As news updates, and explanatory reportage of the stampede at the M. Chinnaswamy Stadium, Bangalore, during the Royal Challengers’ Bangalore victory lap, unravelled before us in real time, echoes of infrastructural failure, crowd mismanagement and “last minute changes” try, unsuccessfully, to make sense of the tragedy. 11 people have been reported dead. There is no way to rationalise the dark irony that retrospectively undergirds the crushing melancholy of this realisation.

Perhaps, years later, a writer might turn the event into a satire about the nature of city life - urban dystopias, the ebb and flow of fandom and fame in a country that lives and breathes cricket, and the characteristic failure of state machinery. For now, however, one is left, somewhat sheepishly, holding the frame of a picture that seems all too familiar – of crowds spreadeagled like cling-wrap on metallic-bars that flank a public space. The image is bursting at the seams. Literally.

According to the report in The Hindu that featured this compelling photograph, “over 50 people have been killed in stampedes in 2025 so far at temples, railway stations, and at the Maha Kumbh, among others”. While management of these events is notably complex, the dynamics of “the mind of the crowd” are at play here. The communitarian logic of living “alone together” has reached a fever pitch in the age of mass weaponization of predatory identities by the ruling party.

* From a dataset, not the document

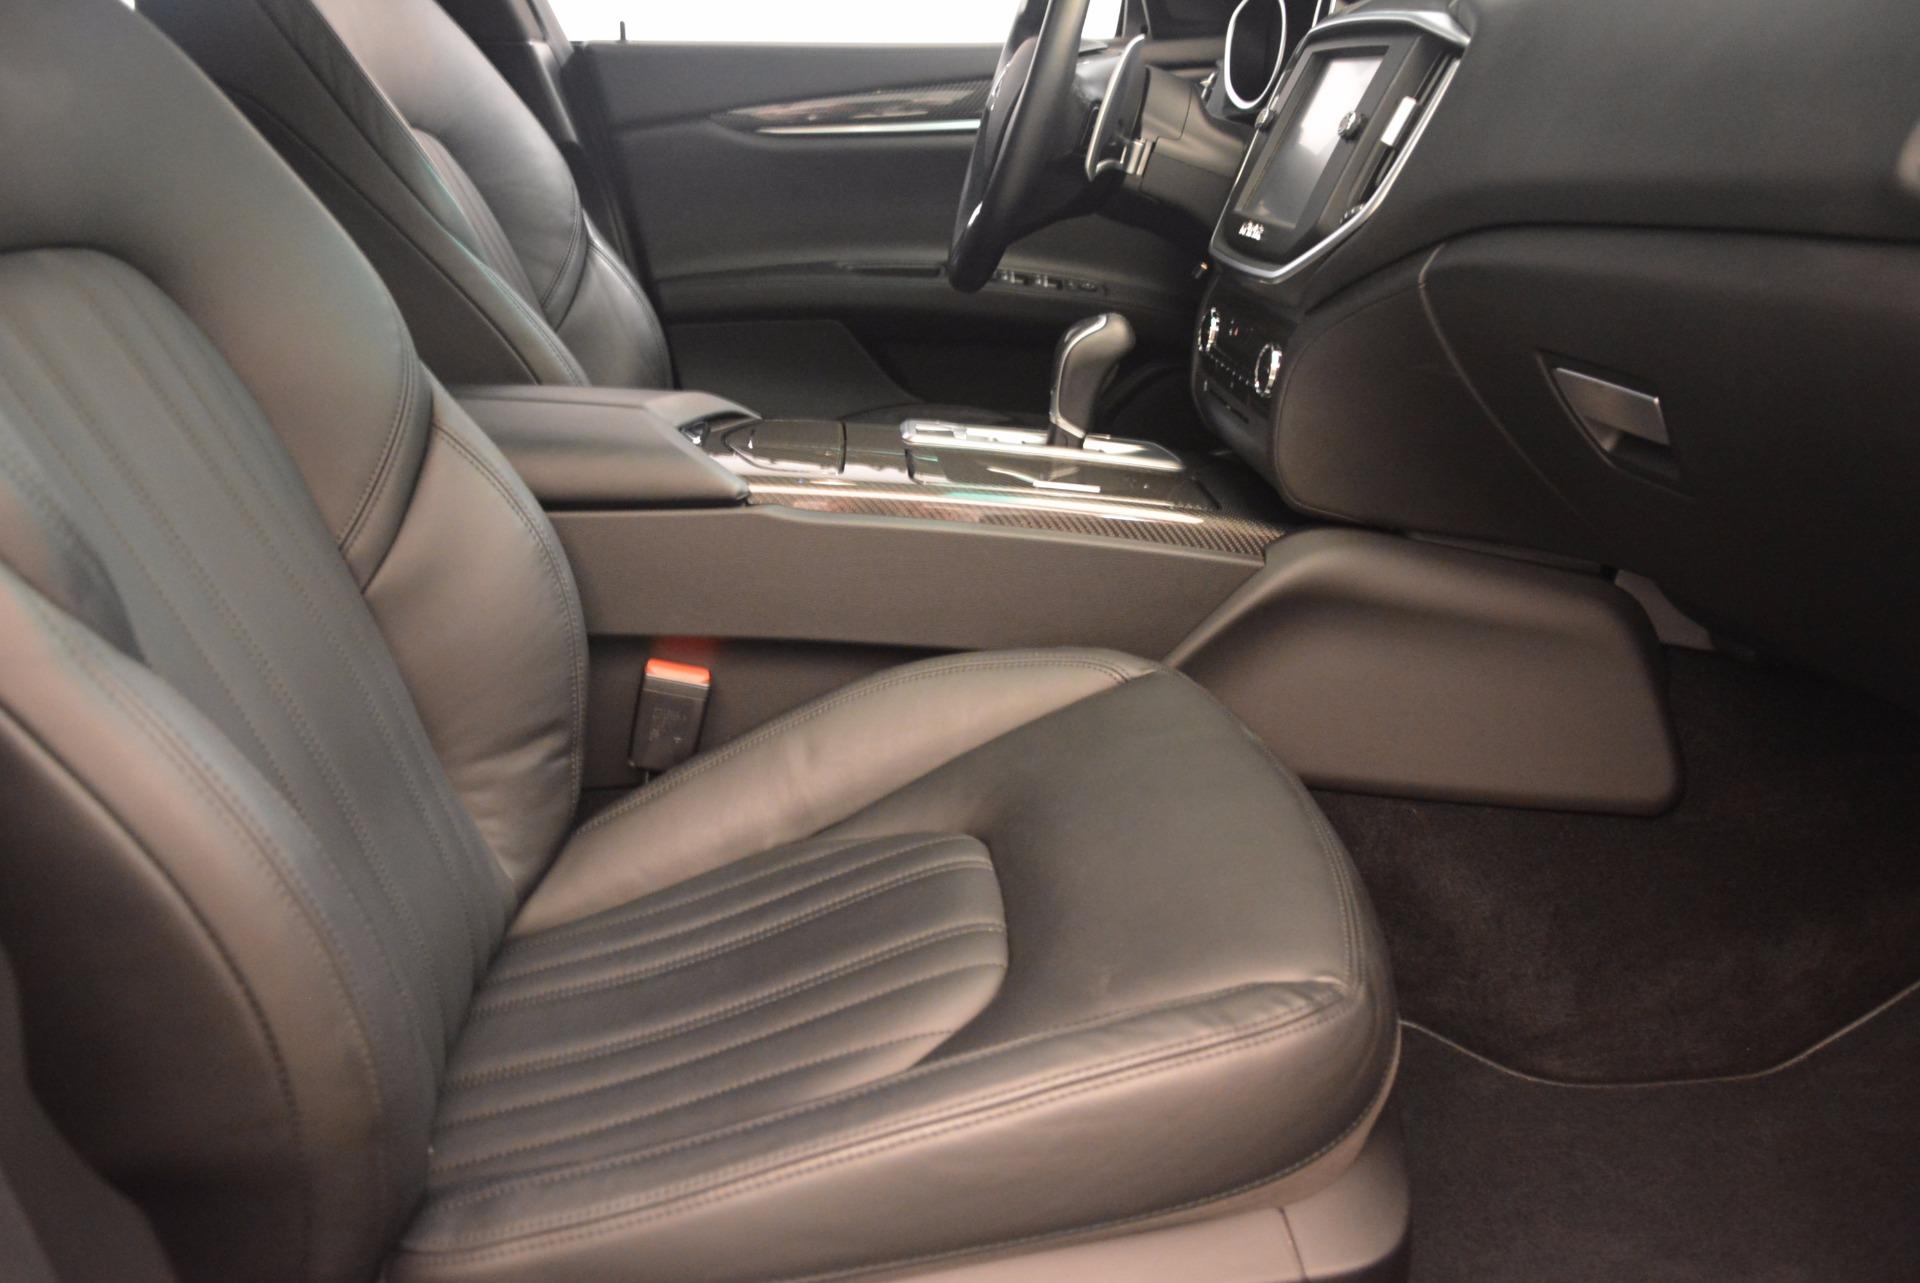 Used 2014 Maserati Ghibli S Q4 For Sale In Greenwich, CT. Alfa Romeo of Greenwich, 7203 1158_p20

Public emotions have become the orchestrators of mass movements. “Stars” across the socio-cultural spectrum – from politics to cinema to sport – have embraced the optics of conjuring spectacles. Entire infrastructures of media, advertising and event management propel the power of the image, turning a psychological activity into a bodily phenomenon.

Speaking of the nature of the crowd in his 2002 work, The Crowd: A Study of the Popular Mind, polymath and anthropologist Gustave Le Bon uses the metaphor of contagion: “In a crowd every sentiment and act is contagious”. He goes on to point out the nature of this cascading imagery – “a crowd thinks in images, and the image itself immediately calls up other images having no logical connection with the first.” Sociologist William Mazzarella cites the end result of this activity of “collective hallucination” as a “mass cognitive meltdown”. In essence, the mind of the crowd turns savage, or effectively goes absent. Other forces come into play.

It is important to note that events, both on the pitch, and off (in the stadium/communal viewing space/home television etc.) are mediated by the key analytic of speed or pace. In a stampede the critical point is sudden and almost unnoticeable, leading to instantaneous and deadly confusion. In the case of the Bengaluru stampede, the tell-tale signs of an imminent disaster were there. There are reports of hordes of fans trying to get in on the action by climbing trees, scaling the stadium wall, and even the tall metallic fences.

The crowd goes “out of hand” and even characters within the tragedy do not realise when laudatory applause turns into shouts for help. There is a pulse-like self-sustaining energy that surges through masses of people trapped in a public space. Like milk boiling over, this electric energy of the stampede exceeds the boundaries of that space caused by, and causing, fatal material and human mayhem. Perhaps the ideal scenario of state management of large groups of people who come together in solidarity and passion, as “groupies” of a kind (from the shakha to the labour union) is to ritually slow down crowds, and redirect this visceral, affective energy. Elias Canetti notes this key element of state management and creation of social institutions through the maintenance of this “affective energy” by “a conscious slowing down of crowd events” (1984)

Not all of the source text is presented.